CAP/AIDS is thrilled to announce that 12 women (and two babies) are now living at the Home of Hope shelter in Uganda!

With the donations contributed through the CAP/AIDS community in Ottawa and across Canada, CAPAIDS-Uganda has renovated the building, fully furnished the accommodations, stocked the kitchen and hired a resident manager to oversee the day-to-day operations of the Shelter. Last May, just a little over a year after conceiving of the project, CAP/AIDS opened the doors and welcomed the first cohort of 12 young women (and two babies).

The arrival of residents at Home of Hope has reinvigorated the whole community with increased activity attracting support from around Boroboro and beyond. The Shelter has attracted critical support from key stakeholders in the community, including the Boroboro Health Centre and the Local Council. Soon, we expect more partners to come on board, including community based organizations as well as the Lira District Council. These partnerships will be extremely beneficial to the long term success of Home of Hope.

Together with these community partners, CAP/AIDS is supporting the residents in learning about small-scale food production, financial management, nutrition, and health – the core knowledge and skills they will need to transition to independent living. The residents are also receiving training from other women in the community in handicrafts and vocational skills so that they can explore possible livelihoods and start building the networks of support they will ultimately need to start small enterprises or seek employment and begin earning a living.

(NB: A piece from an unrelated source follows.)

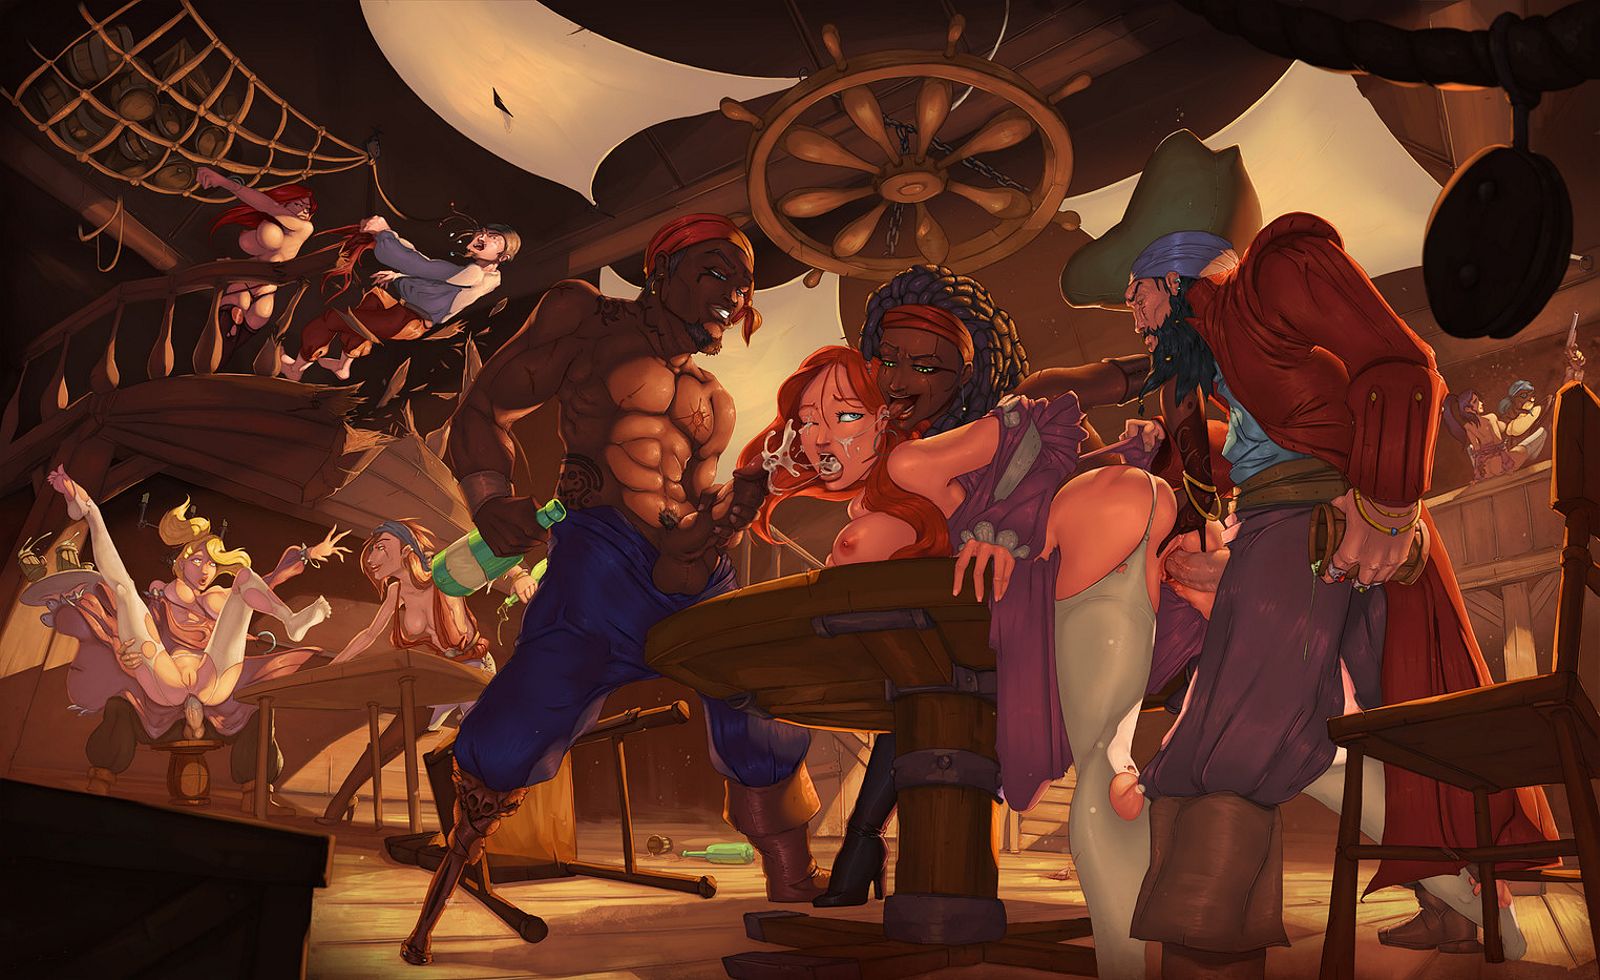 пираты развлекаются с девицами в припортовом кабаке, картинка порно аниме

Most important, they have a safe, supportive place to call home – a huge change from just a few months ago, when many were homeless or living in unstable, risky and dangerous circumstances.

As we continue to develop the Home of Hope Transitional Shelter, your continued solidarity and support is critical. That is why the CAP/AIDS Community in Ottawa is organizing two events in the coming months. On August 22, they’re hosting “Hops for Hope”, a night of craft beer, food pairings, trivia and more hosted at Bicycle Craft Brewery. Check out www.hops4hope.ca for details. And, in mid-October, they will hold the third annual Brighter Futures Bike Rally. Stay tuned for details!

If you have any questions about the Home of Hope and plans for its future, please do not hesitate to reach out CAP Network Executive Director – Claire Holloway Wadhwani at claire@capnetwork.ca.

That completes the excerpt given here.